Problem statement -
When copying the listing below, skip every picture and keep each word as it stands.

======== Dataset extract ========

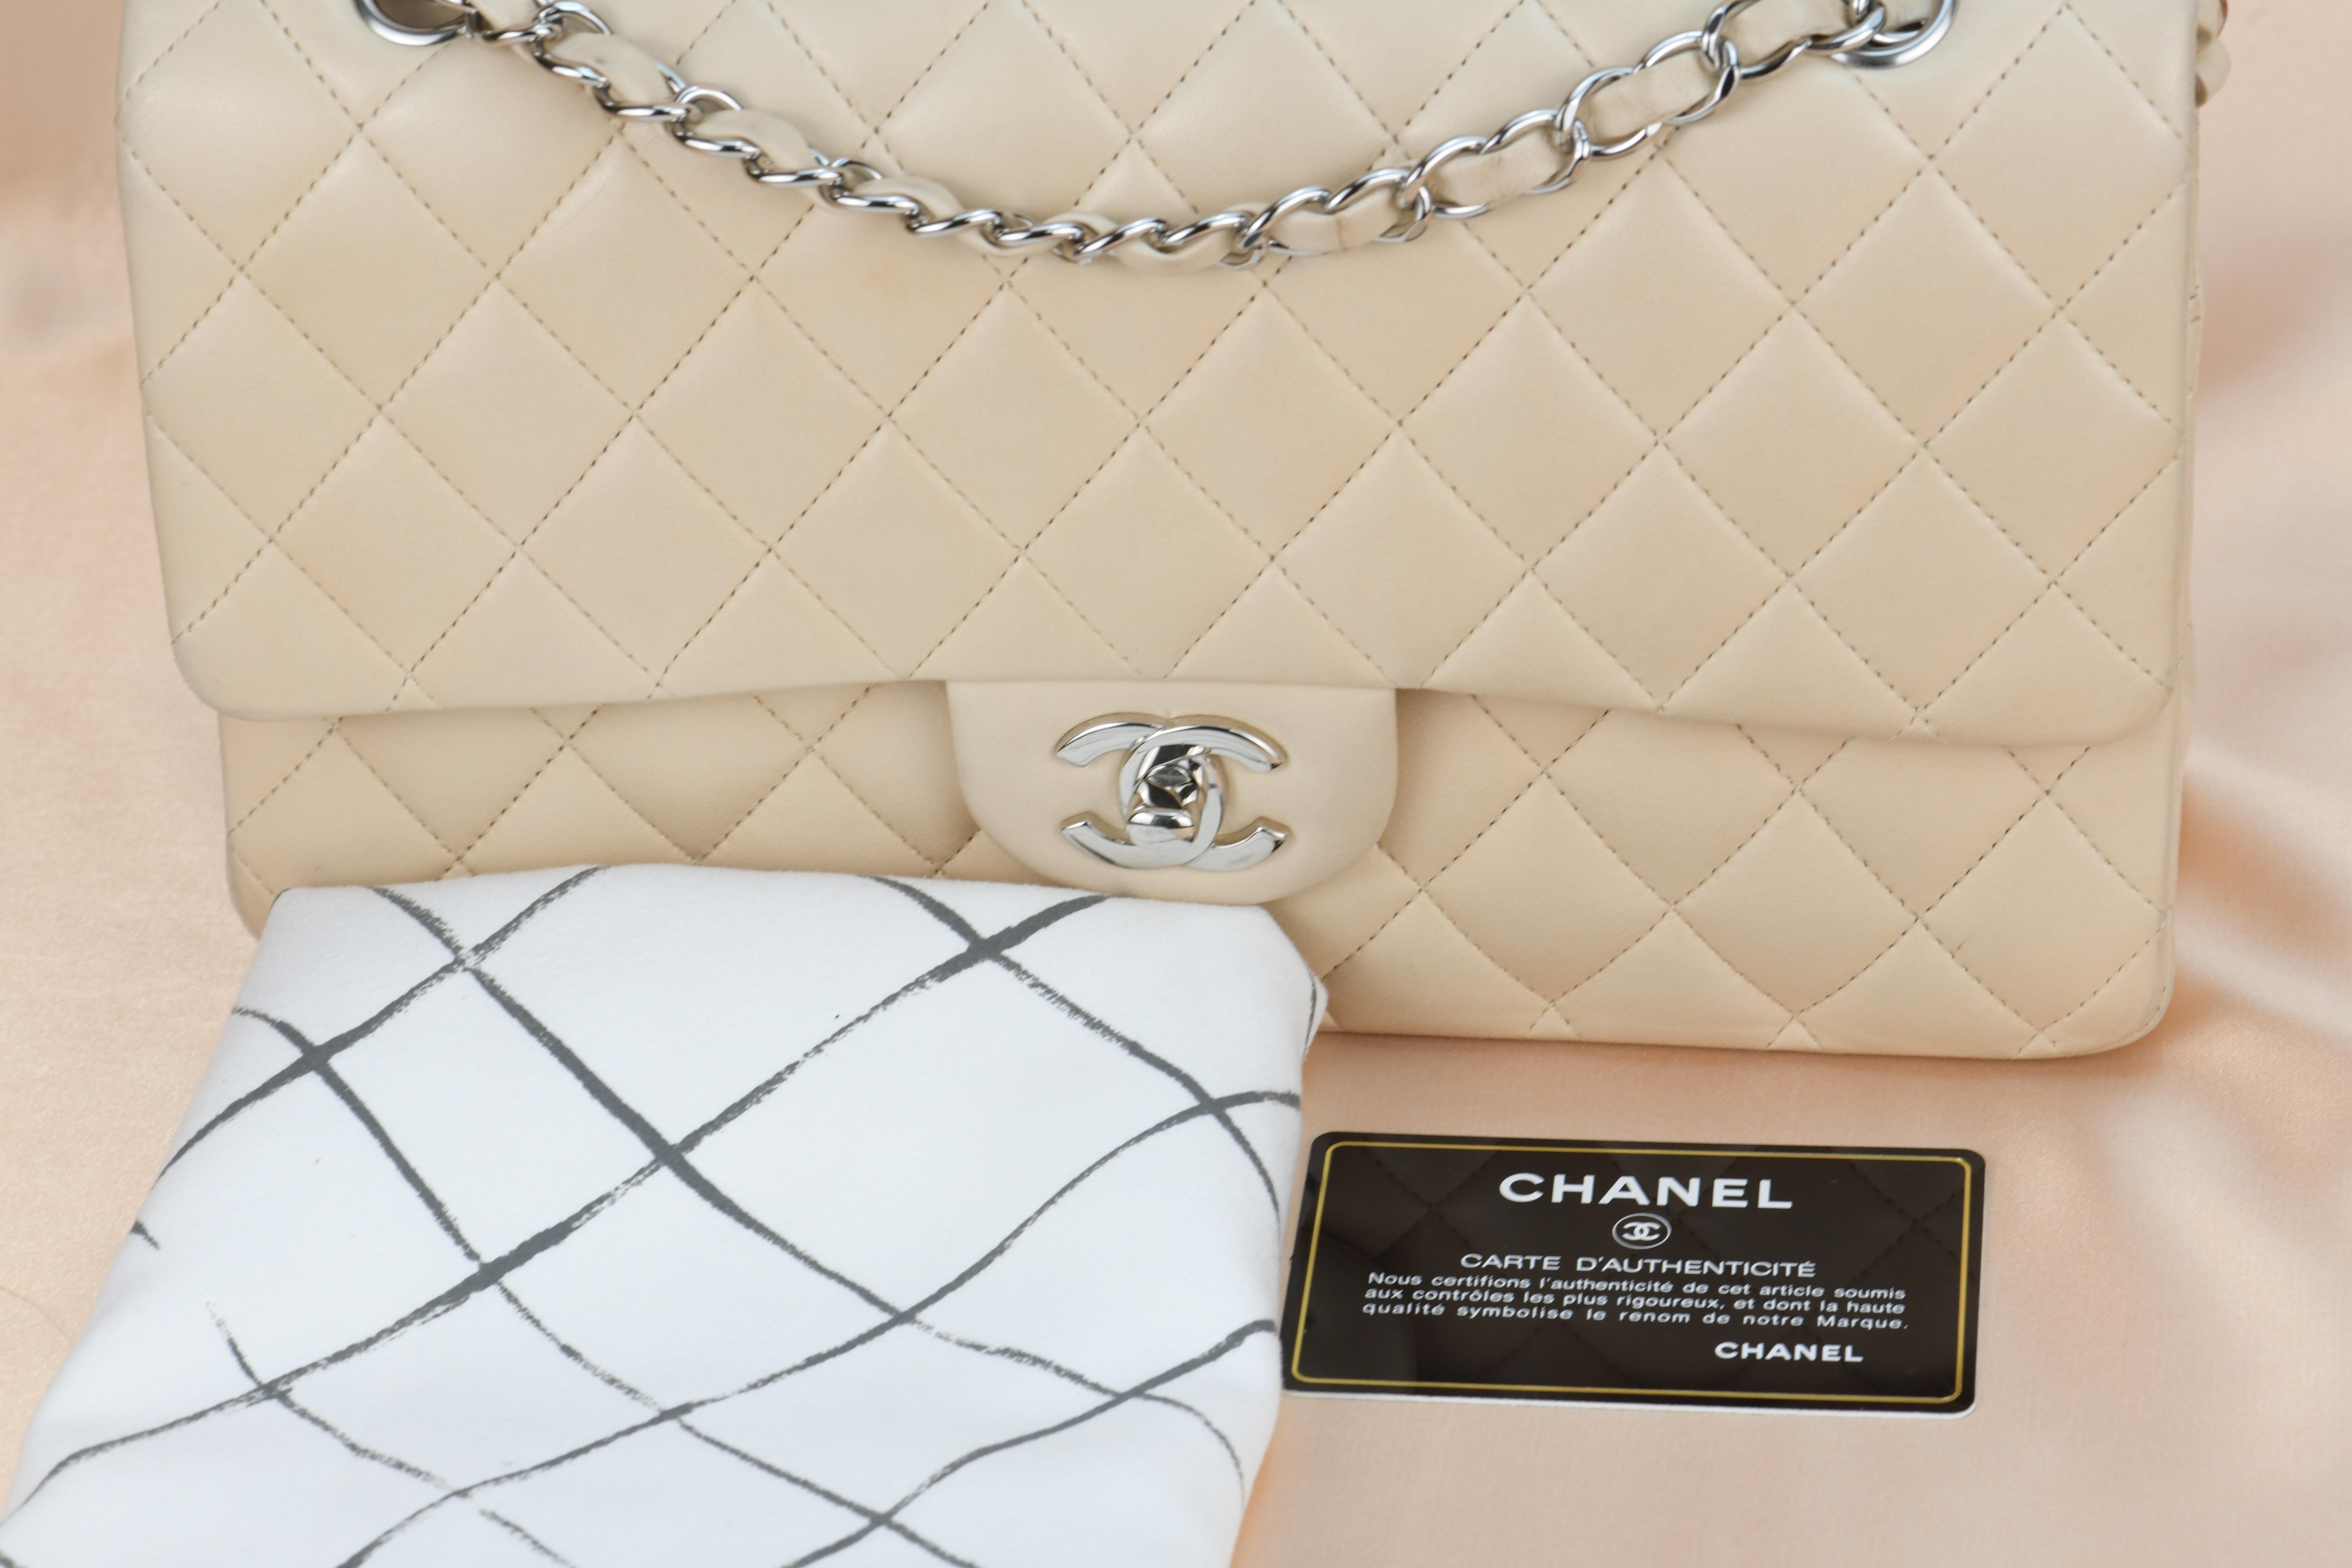 Marke	Chanel
Modell	Zeitloser Klassiker mit doppelter Klappe 
Laufende Nr.	13******
Farbe	Beige
Datum	Ca. 2009-2010
Metall	Silber
Material	Lammfell Leder
Messungen	Ca. 10in L x 2.5in W x 6.5in H
Bedingung	Ausgezeichnet 
Kommt mit	Chanel Staubbeutel

========

Output below -
 Marke	Chanel
Modell	Zeitloser Klassiker mit doppelter Klappe 
Laufende Nr.	13******
Farbe	Beige
Datum	Ca. 2009-2010
Metall	Silber
Material	Lammfell Leder
Messungen	Ca. 10in L x 2.5in W x 6.5in H
Bedingung	Ausgezeichnet 
Kommt mit	Chanel Staubbeutel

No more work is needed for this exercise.